Dear Michael,
I'm sorry for the delayed answer. I've looked more closely at the E2E scores for GEM and the INLG paper, and there are actually 2 reasons for the differences:
- The main one: The GEM paper reports validation/development set scores, but the INLG paper reported test set scores. The test set scores are actually quite a bit lower (I'm getting 40.21 for TGen test set output).
- Minor one: The GEM paper reports evaluation over a single output of TGen, but the INLG paper reports averages over 5 different random initializations of the model.
Yes, it will – both evaluation scripts are actually using
https://pypi.org/project/rouge-score/ internally.
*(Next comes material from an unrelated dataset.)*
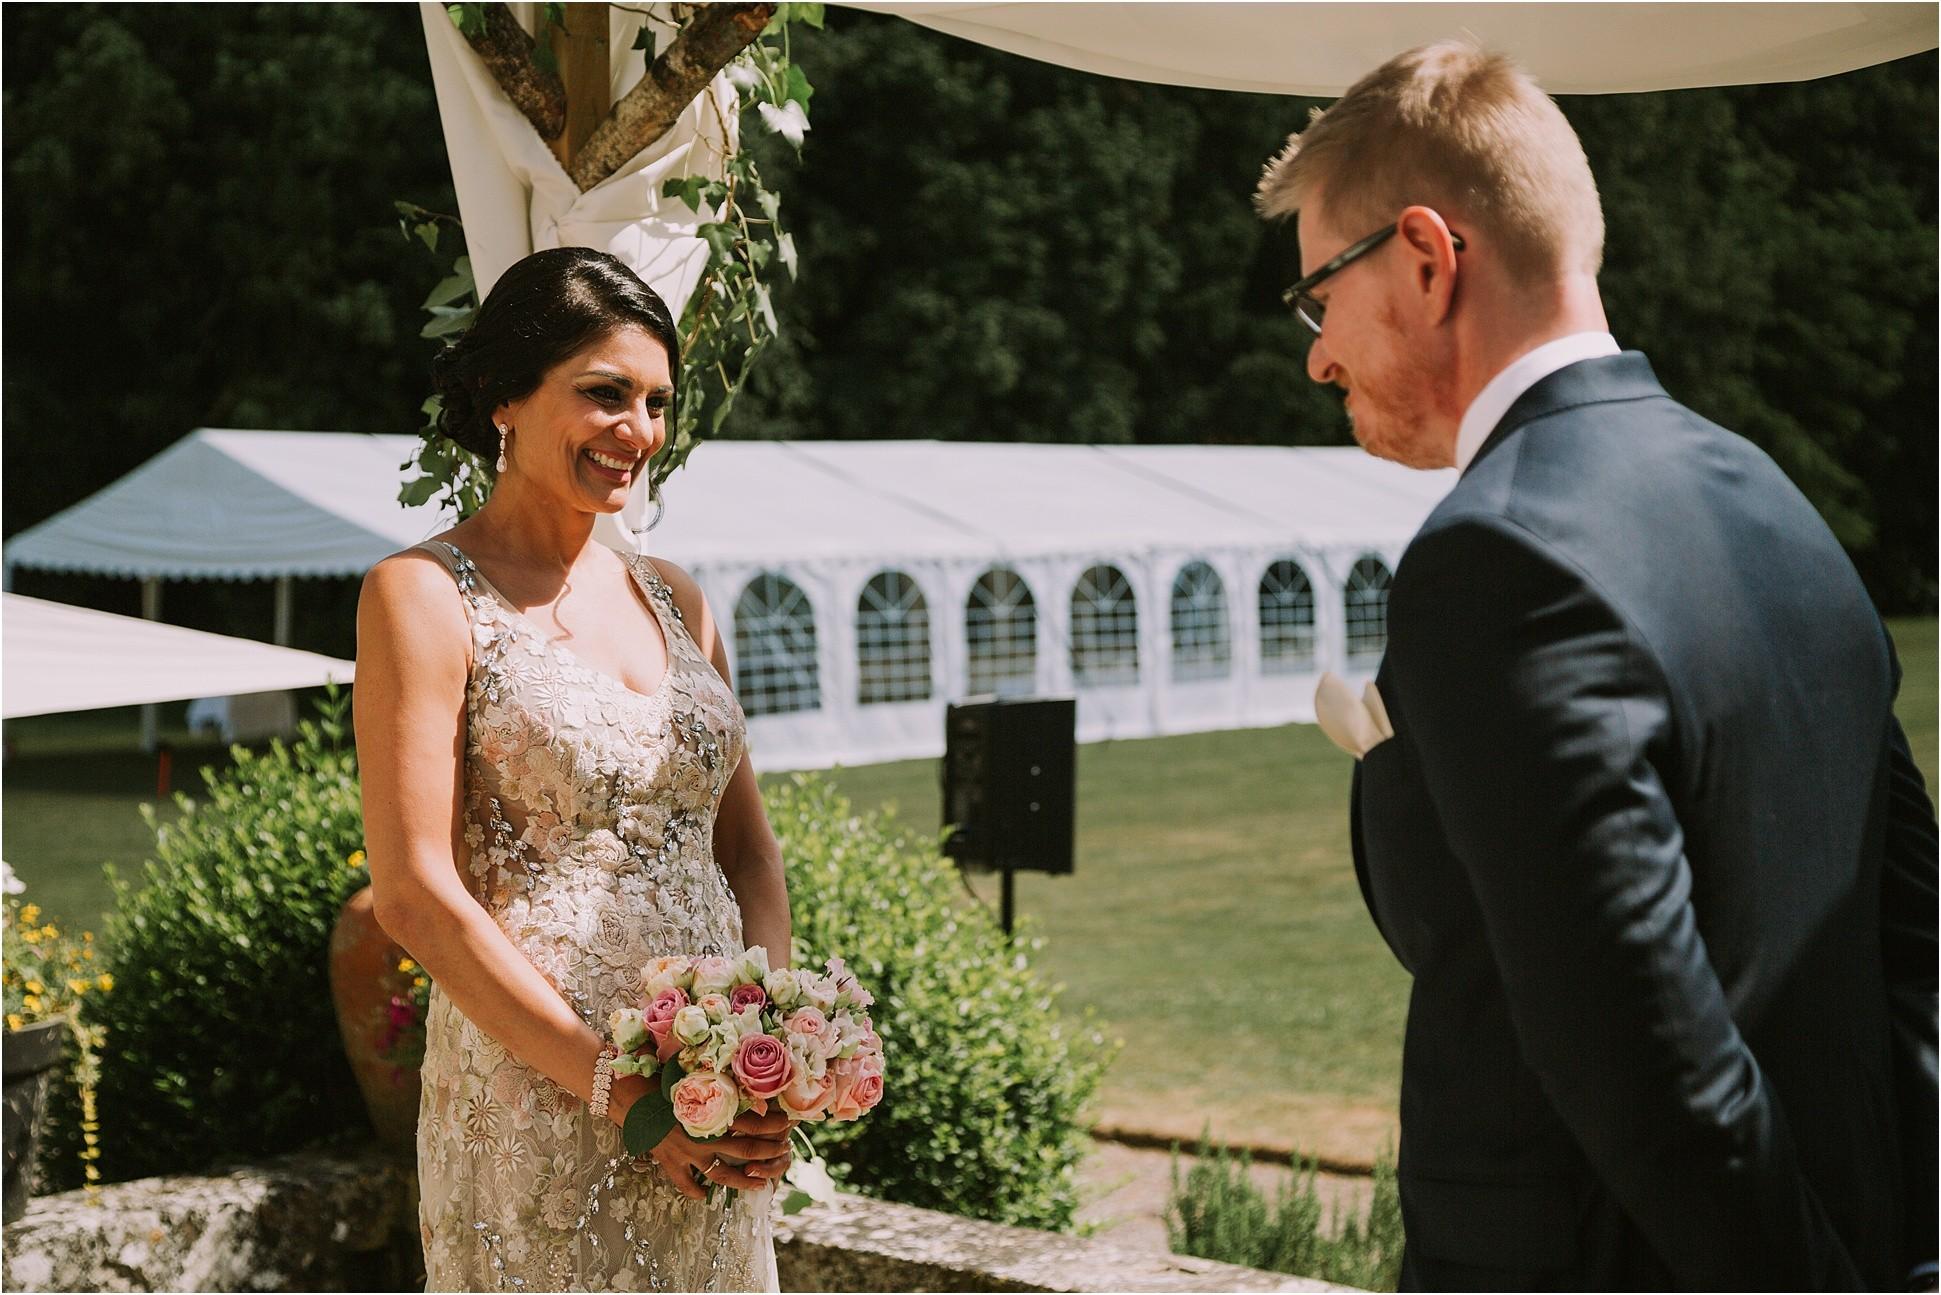 Kateryna-photos-photographe-mariage-chateau-st-paterne-mayenne-normandie_0115.jpg

The GEM-metrics script isn't yet linked from the main website since we're still adding more metrics and working on making it easier to use. It will be soon.
In the past we've found substantial differences between BLEU using e2e-metrics and other versions of BLEU. This could be due to tokenization or smoothing differences.
If I understand correctly, the clean e2e dataset is single reference, so that wouldn't be the difference.
No, it's actually multi-reference. For example, in the cleaned E2E development set, you have 1484 input MRs and 4299 reference texts. The number of references per instance isn't constant, though – for some MRs, you only have 1 reference, for others, you have more.
Best,
Ondrej